• _What you need to do_: An exact copy of the entries below is required, with all pictures removed.

• _Recorded information_:
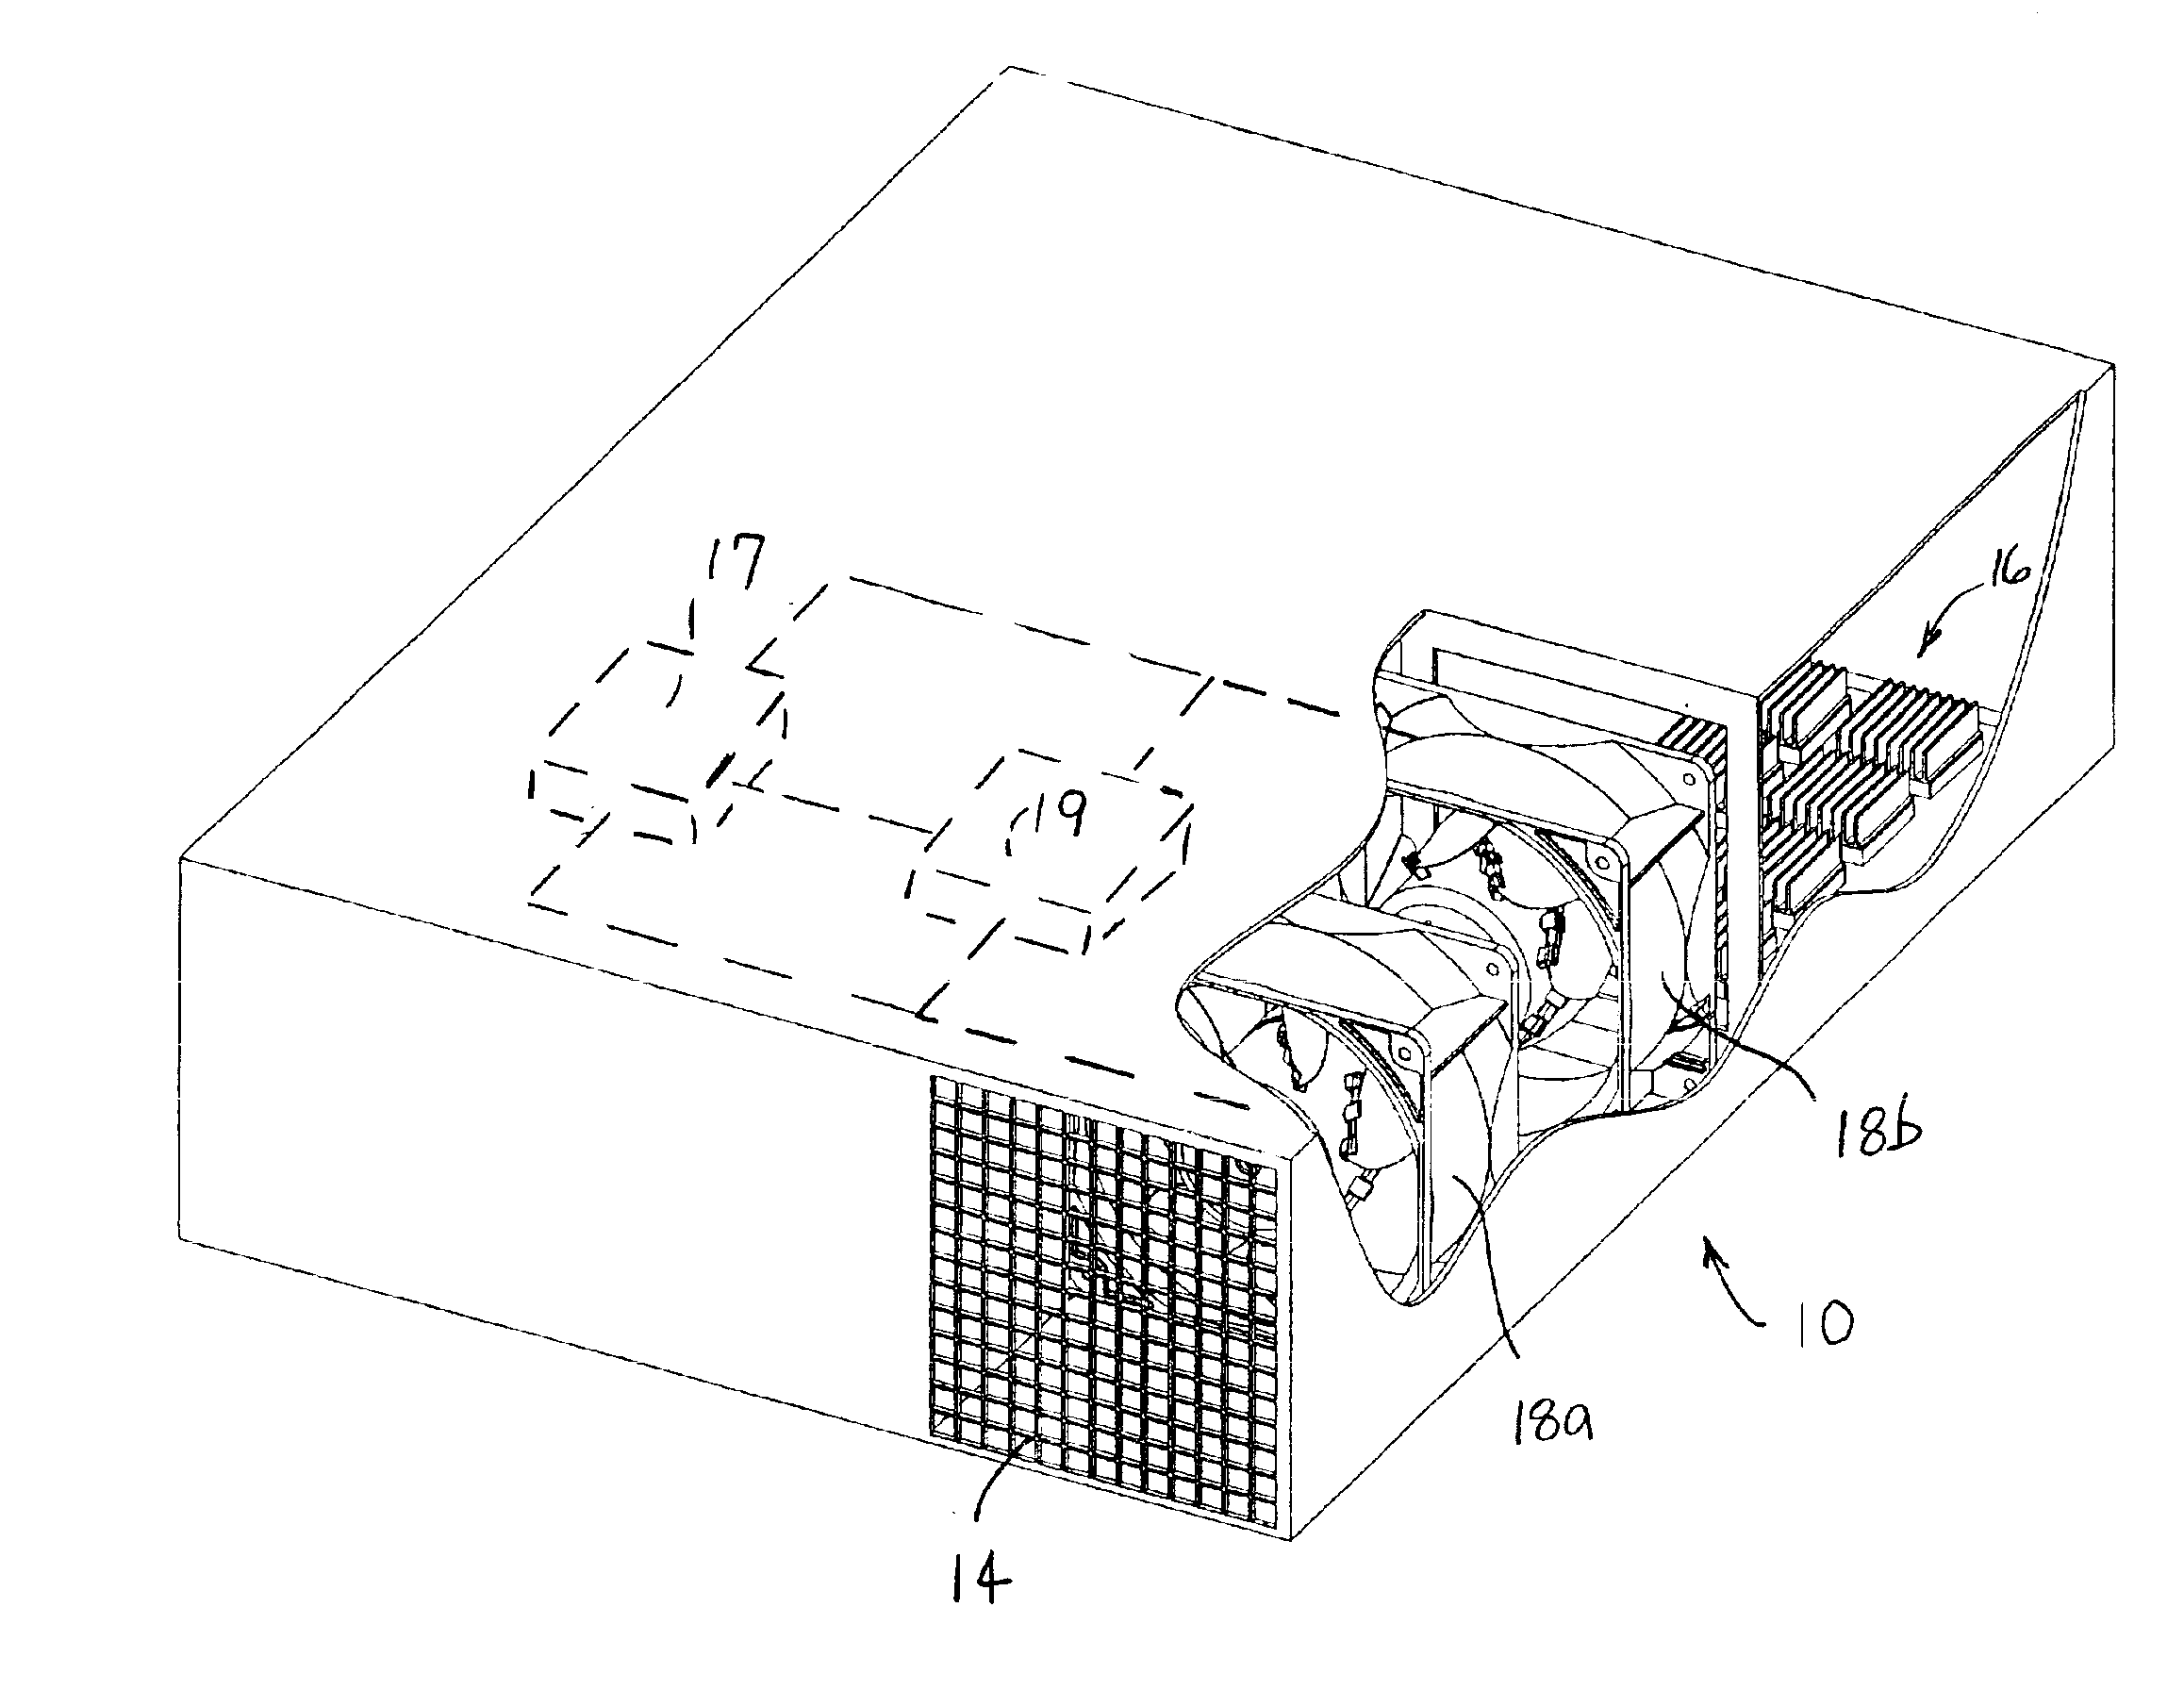 Fan with collapsible blades, redundant fan system, and related method
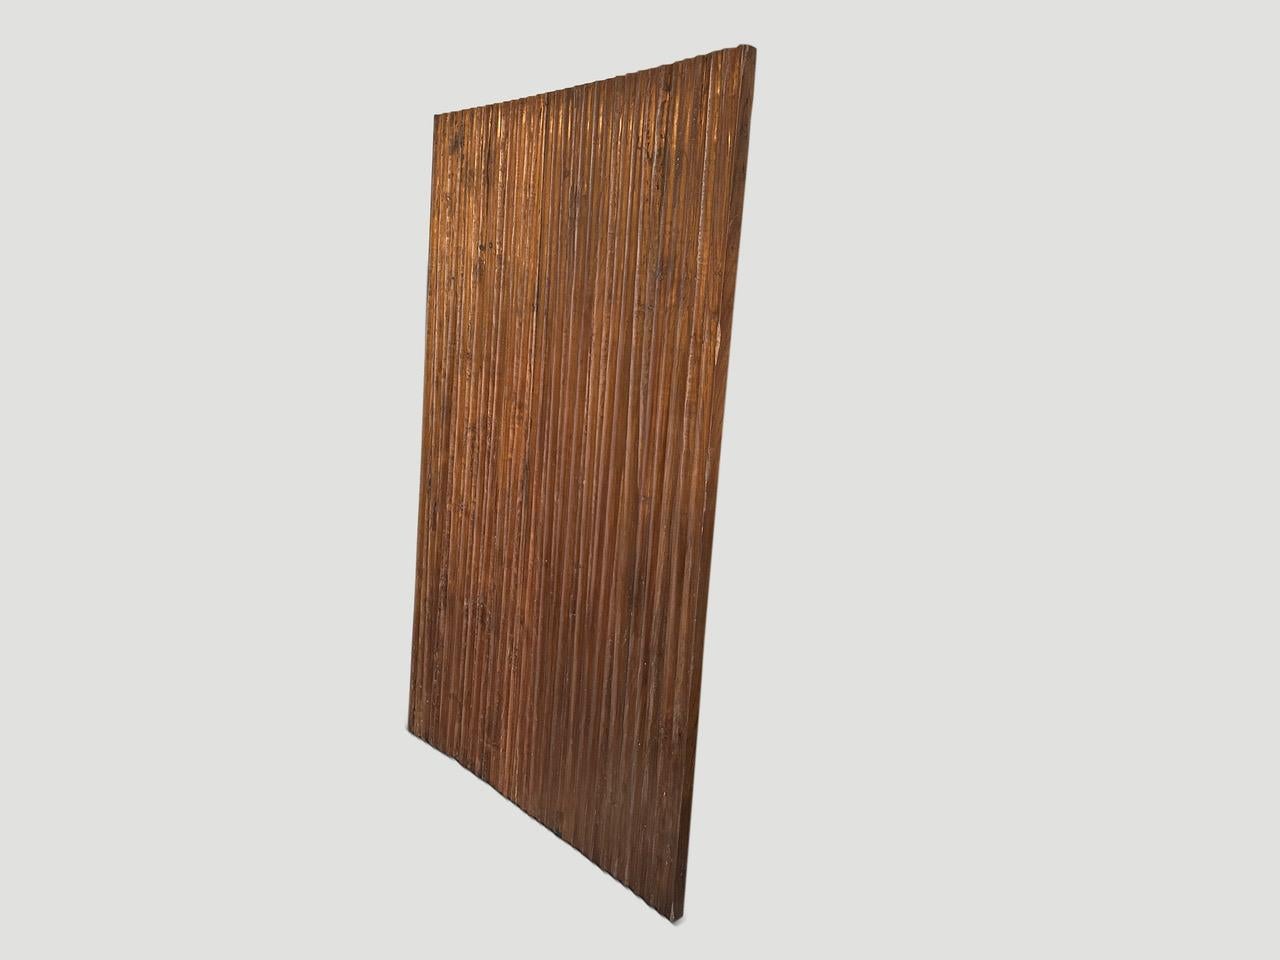 One of a kind antique, hand carved teak wood panel that can be used as a room divider, head board, wall panel or coffee table. We can add a metal or wooden base. Please inquire. Polished with a natural oil revealing the beautiful wood grain.

This
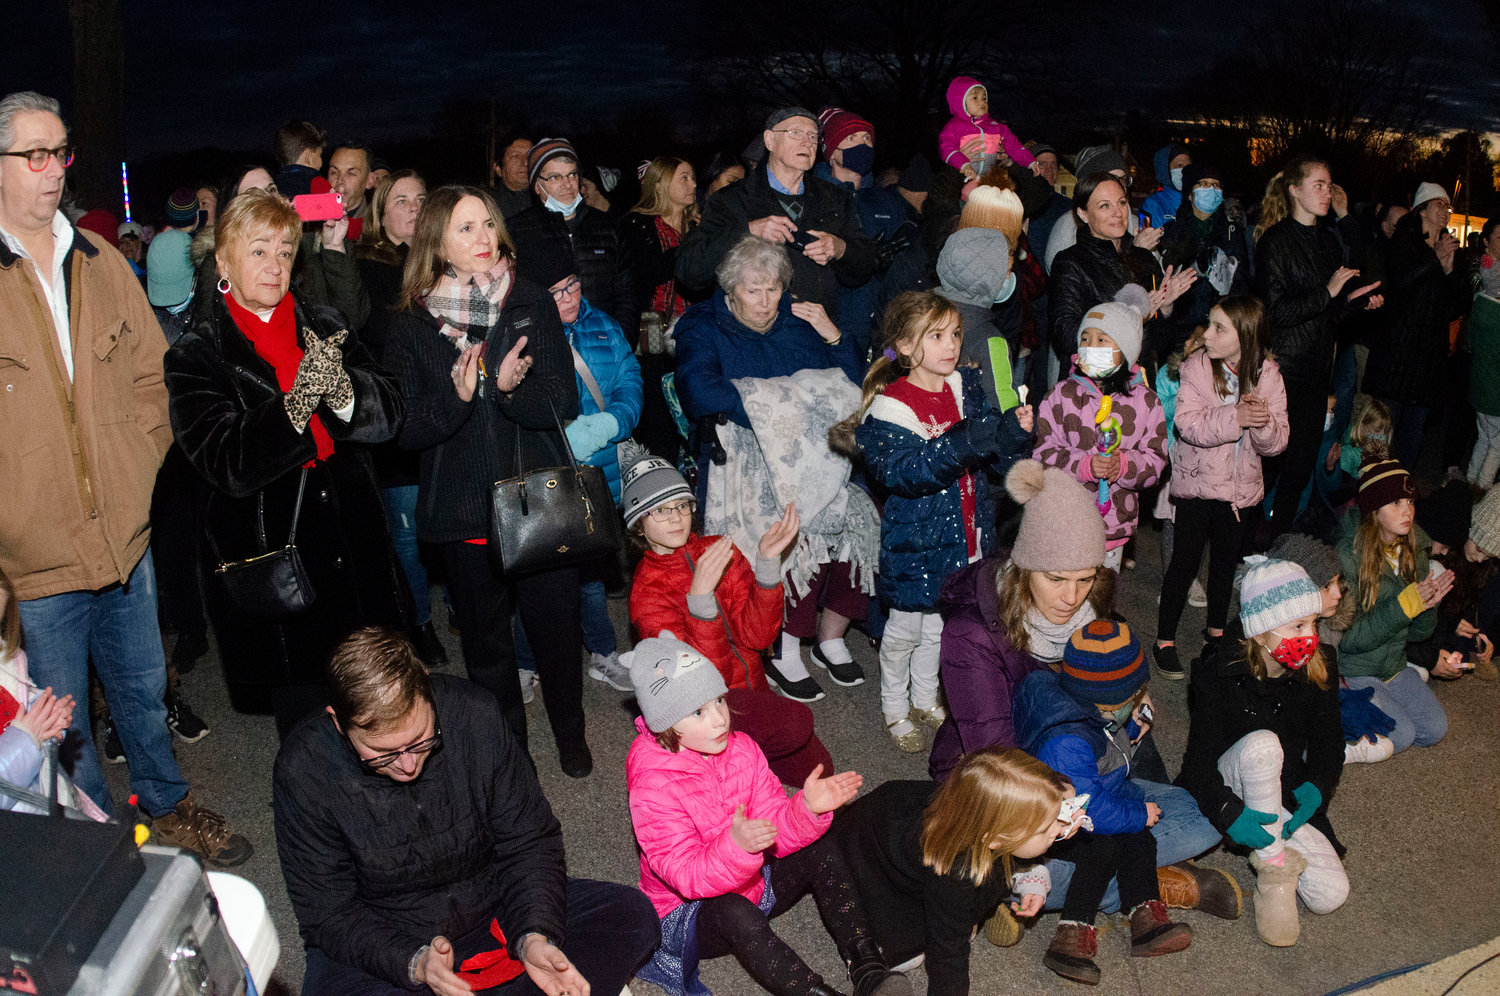 A large crowd attended last year’s tree lighting event at the Barrington Town Hall. This year’s festivities will include games, musical presentations and a special visit from Santa Claus.
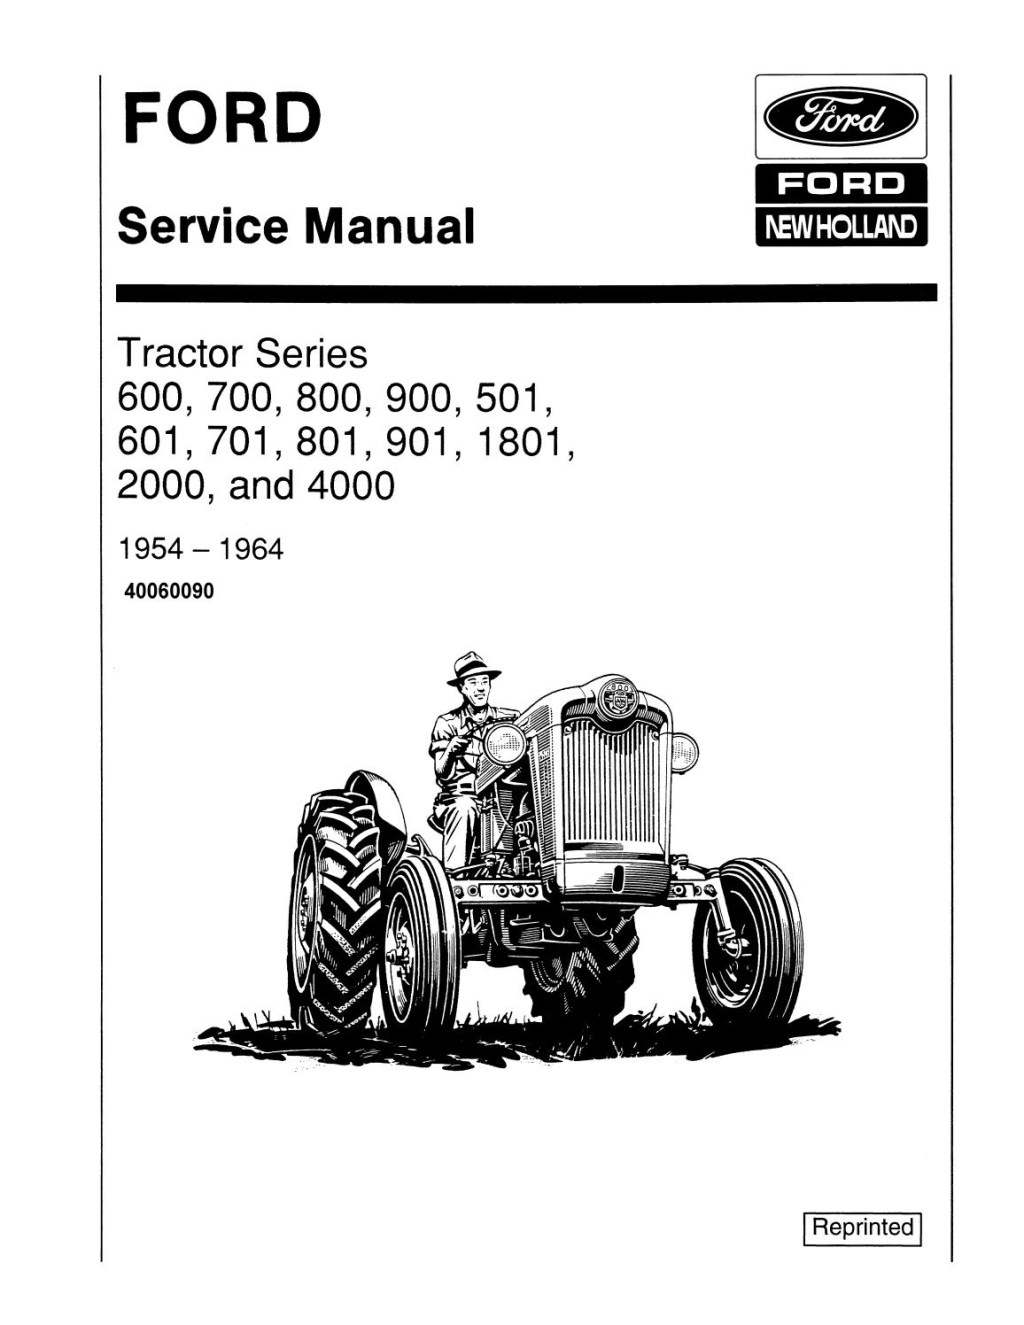 Picture of: Ford  Tractor (-) Service Repair Manual by fjfkkamdi

• _Response area_:
 Fan with collapsible blades, redundant fan system, and related method
 One of a kind antique, hand carved teak wood panel that can be used as a room divider, head board, wall panel or coffee table. We can add a metal or wooden base. Please inquire. Polished with a natural oil revealing the beautiful wood grain.

This
 A large crowd attended last year’s tree lighting event at the Barrington Town Hall. This year’s festivities will include games, musical presentations and a special visit from Santa Claus.
 Picture of: Ford  Tractor (-) Service Repair Manual by fjfkkamdi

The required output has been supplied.